The employment of a clinical practice pharmacist in the Aboriginal Health Service could provide a significant partner in improving patient health outcomes. The reduction in costs to the Medicare and health system could be measured in areas such as compliance and adherence: improved wound care, chronic disease management and general parameters such as blood pressure and glucose control.
In the budget submission PSA recommends “that the Government consider an adaptation of the PGPIP to enable AHSs across Australia to improve medication adherence and reduce the progression of chronic disease, by utilising clinical pharmacists in the AHS service-mix. This would allow AHSs to access up to $125,000 per year to employ a pharmacist where required, in keeping with the general practice proposal.
“The use of culturally responsive clinical pharmacists could improve medication adherence and reduce the progression of chronic disease.”
Areas such as Home Medicine Review, Medscheck and medication adherence programs such as dosage administration aids require different formats when they are being utilised in health programs for Aboriginal people.

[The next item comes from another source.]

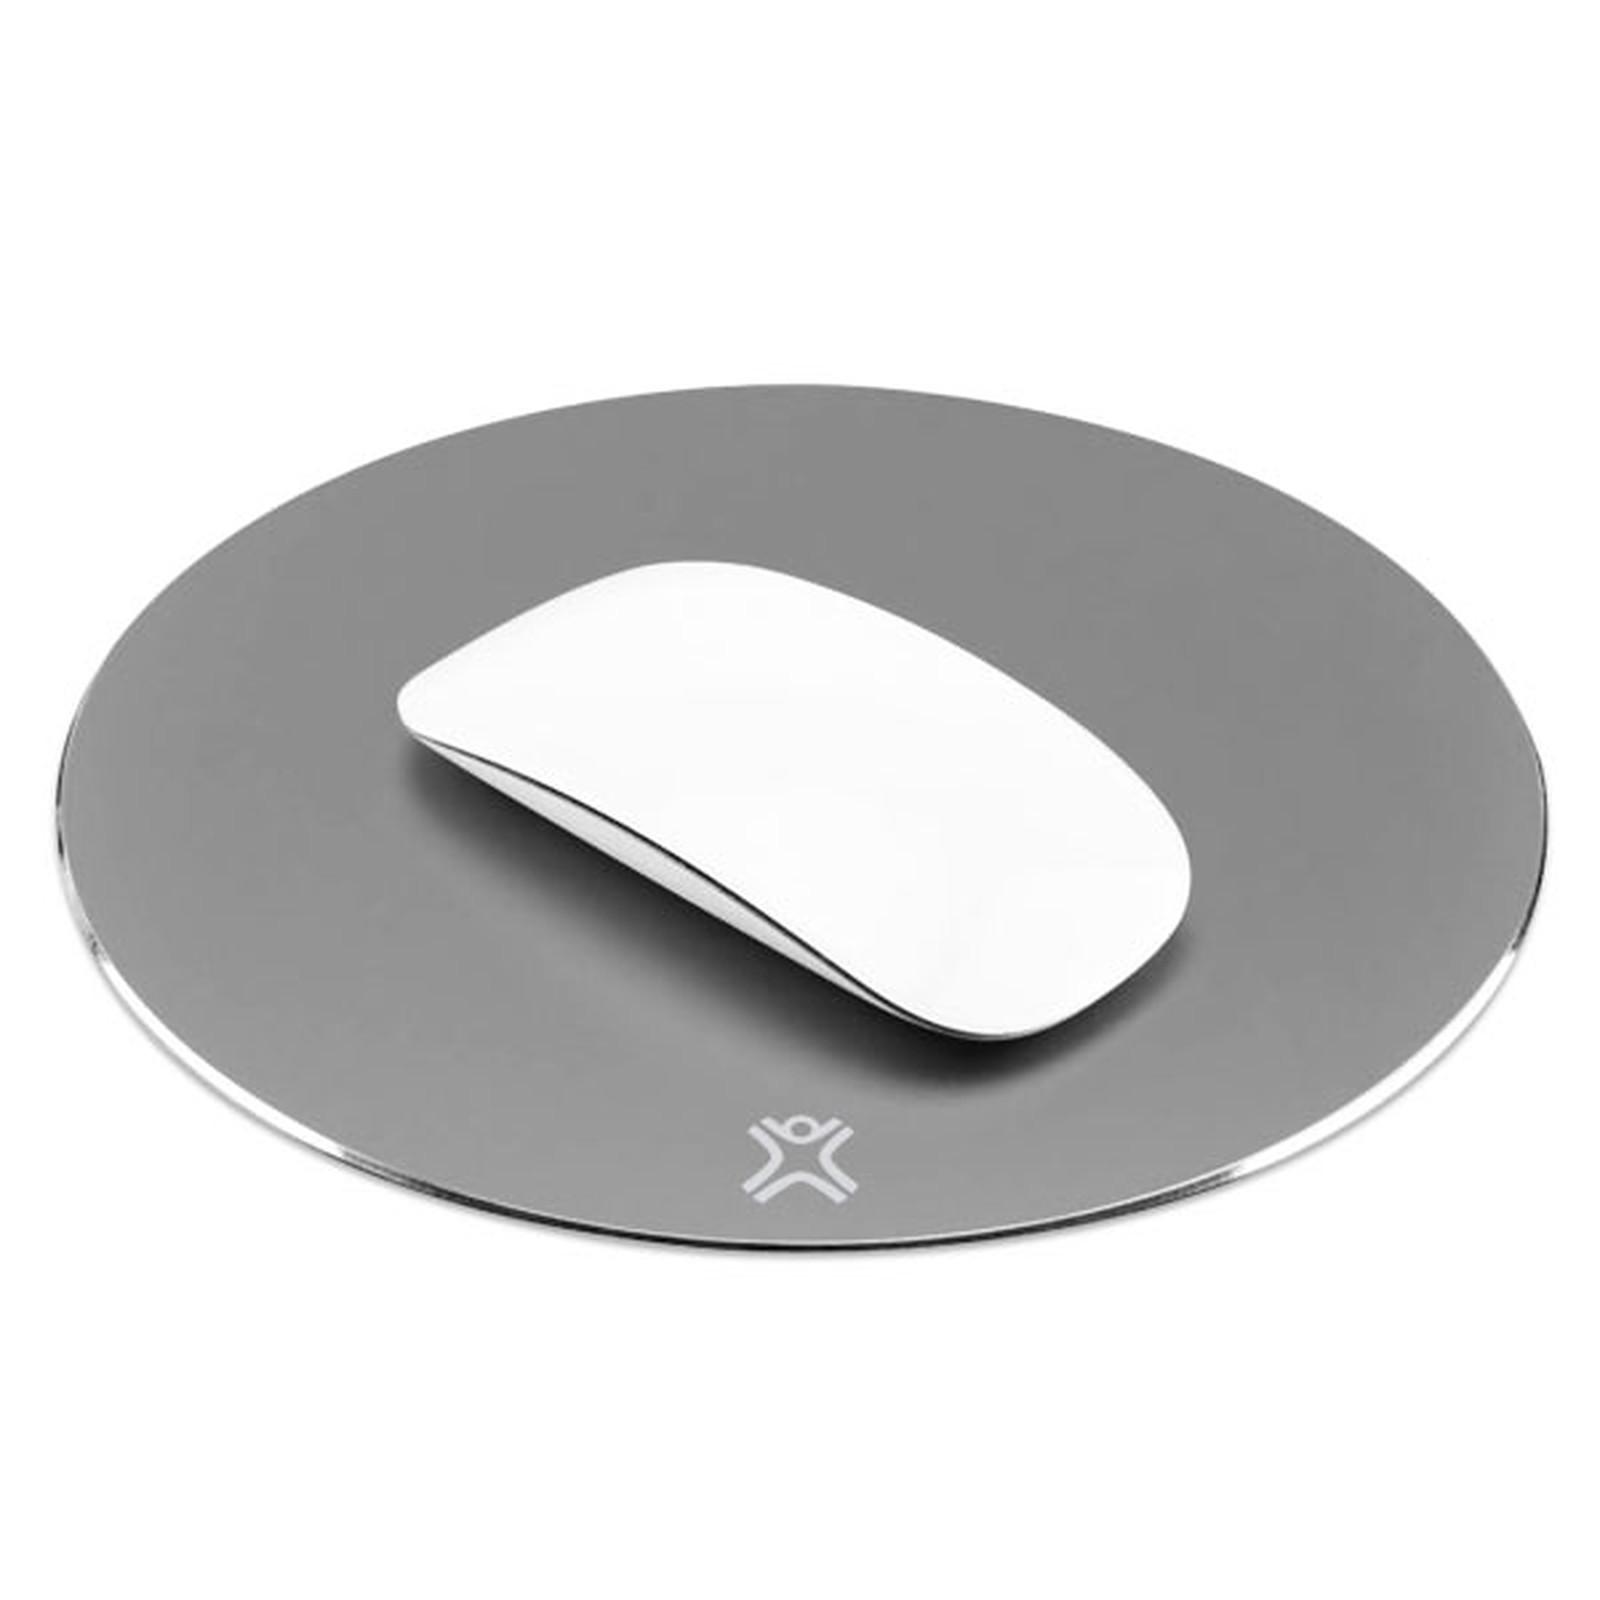 XtremeMac Aluminium Mouse Pad (Gris)

There will need to be opportunity within program rules to adapt programs to suit the requirements and needs of the patient cohort. The use of a pharmacist within an AHS who can work with the various members of the health service to develop programs and initiatives to improve the primary health outcomes of the community is paramount to improving the longevity of the patients who use the AHS.
I recommend this document to all Australian pharmacists as it is a blueprint for where the practice of pharmacy could be implemented to gain improvement in patient outcomes while delivering more efficient and cost effective health care.